# [Data shown]
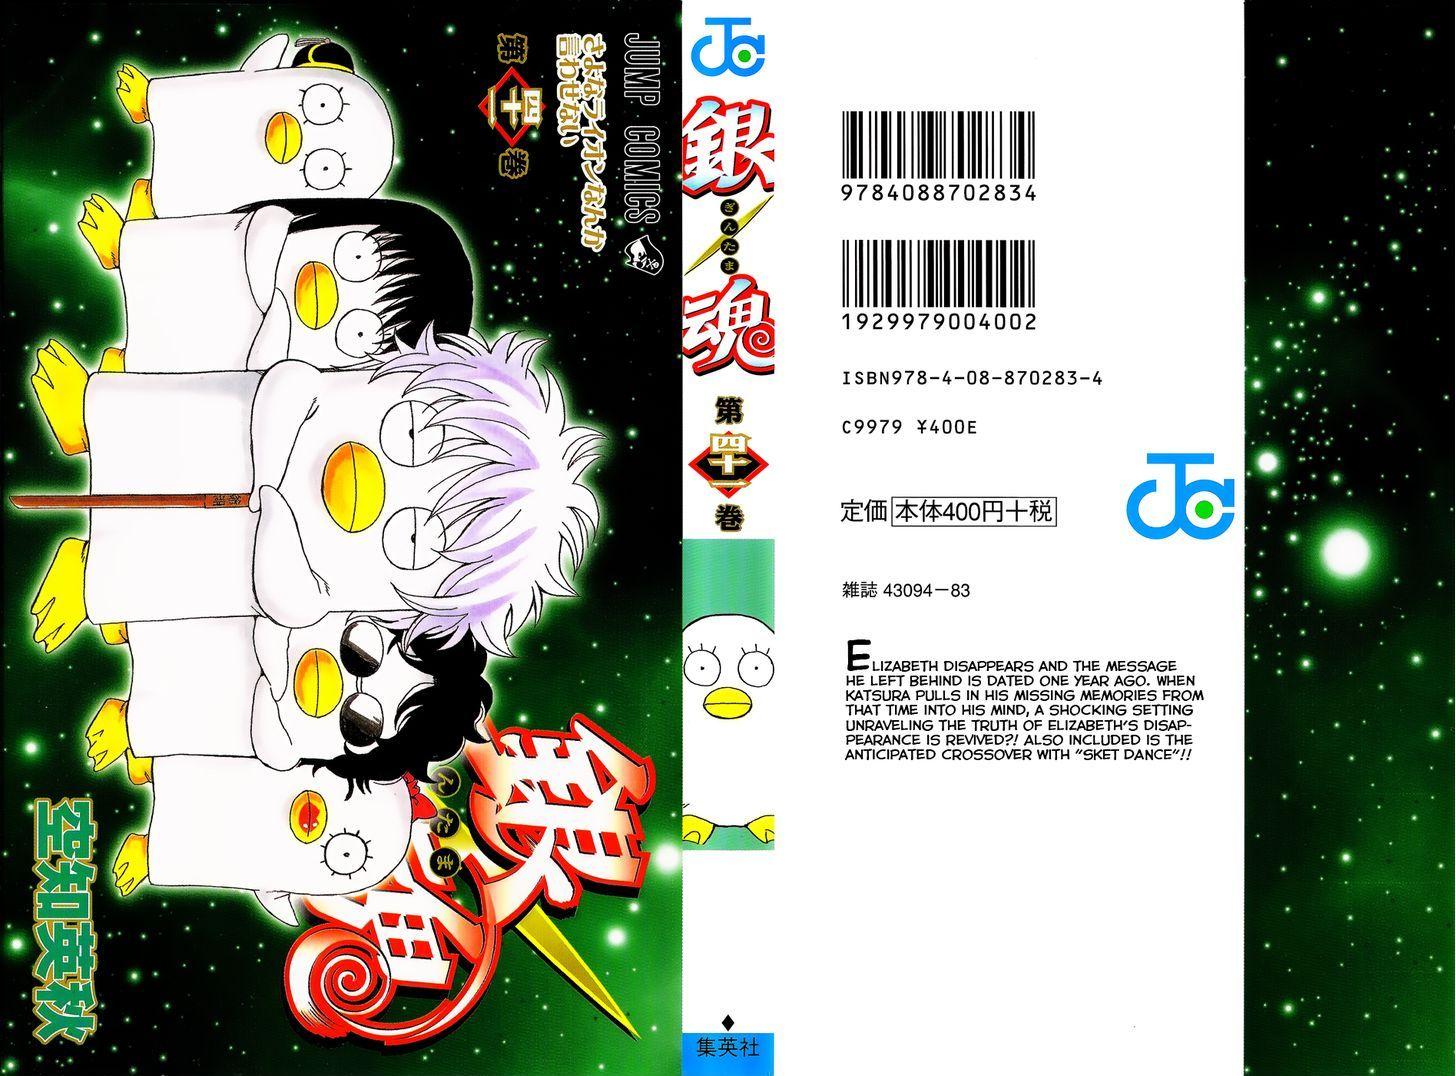 https://im.nineanime.com/comics/pic9/18/210/17249/Gintama3530869.jpg Page 1
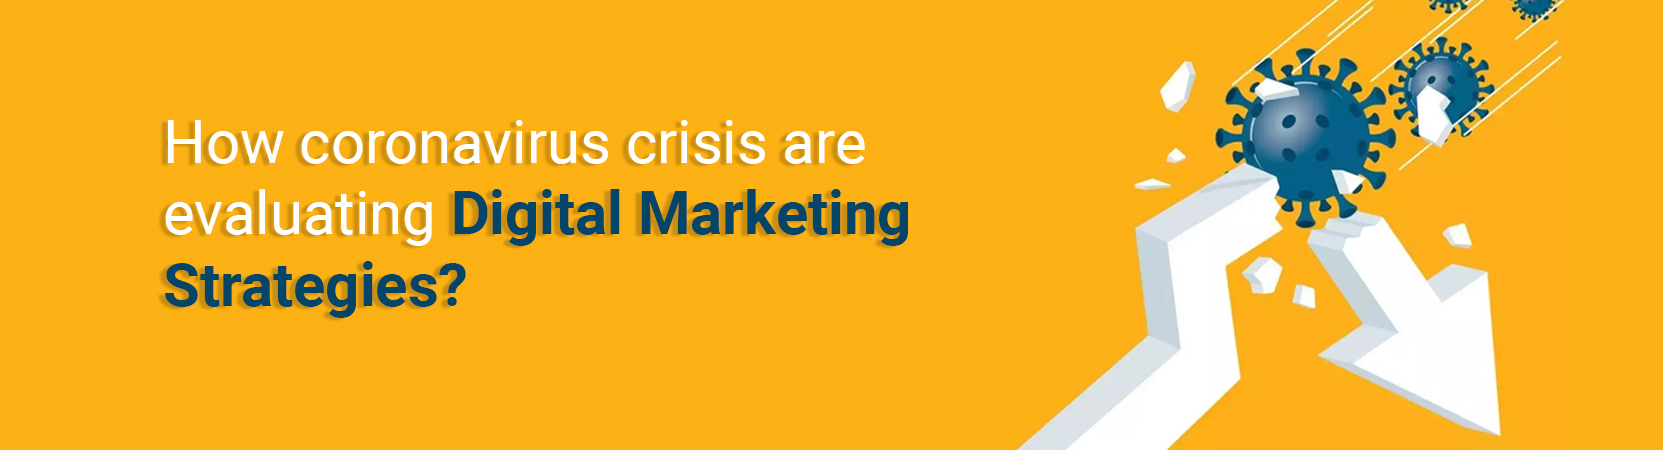 covid 19 impact on digital marketing
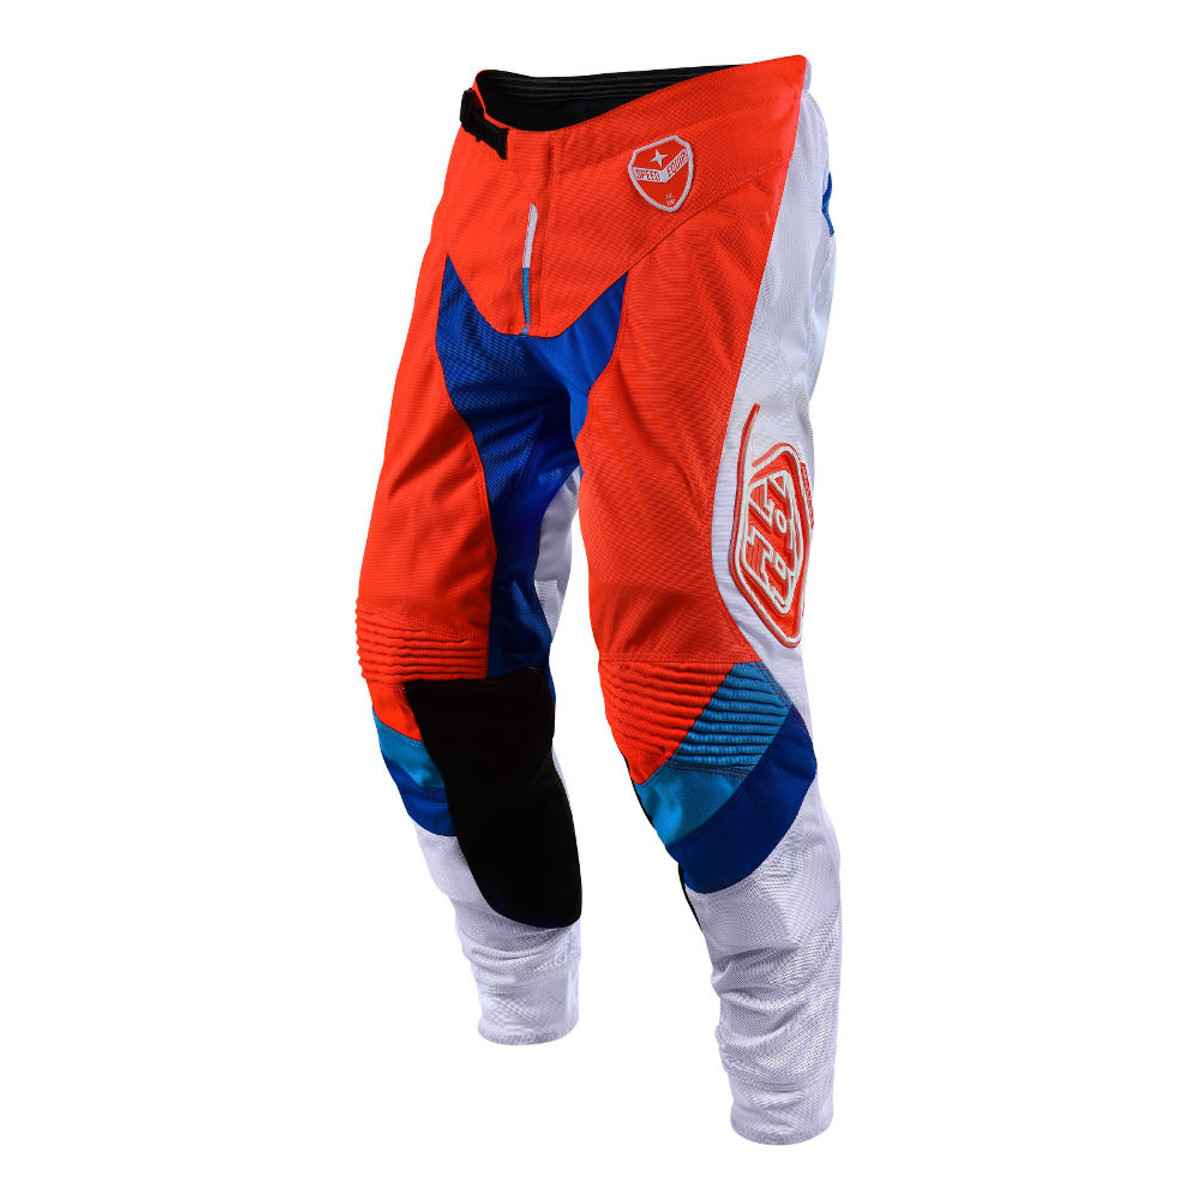 Troy Lee Designs SE Corse Jersey & Pant  Troy Lee Designs SE Corse Orange
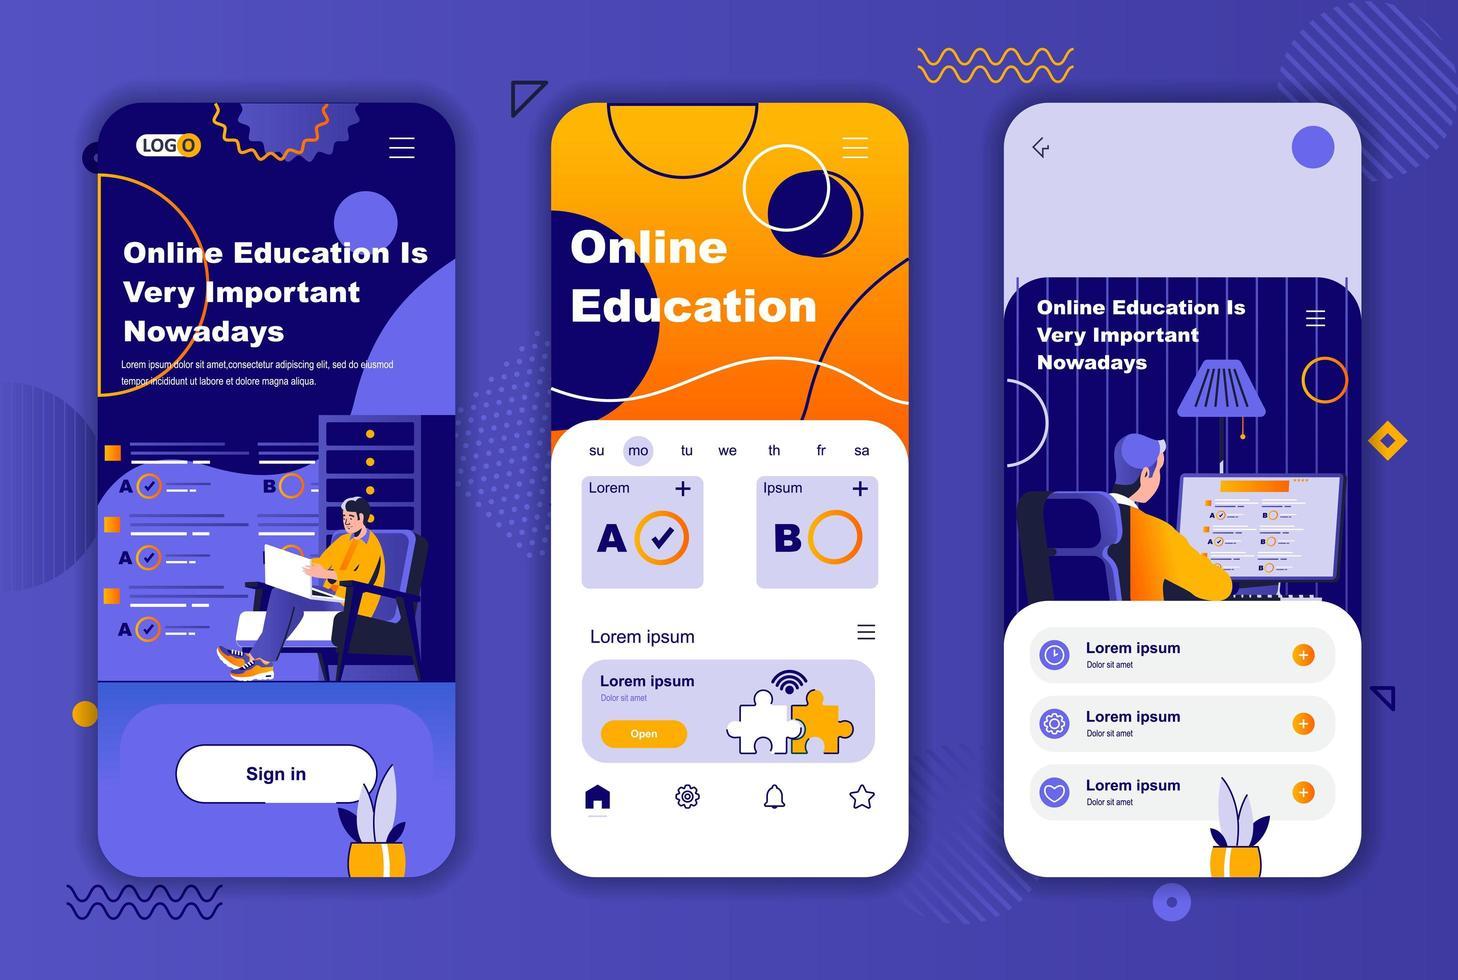 Online education unique design for social networks stories. vector

# [Required work]
Please give again, word for word, the lines from the one containing "Troy Lee Designs SE Corse Jersey" through the last line of the listing above, inclusive, and leave out pictures.

# [Response]
 Troy Lee Designs SE Corse Jersey & Pant  Troy Lee Designs SE Corse Orange
 Online education unique design for social networks stories. vector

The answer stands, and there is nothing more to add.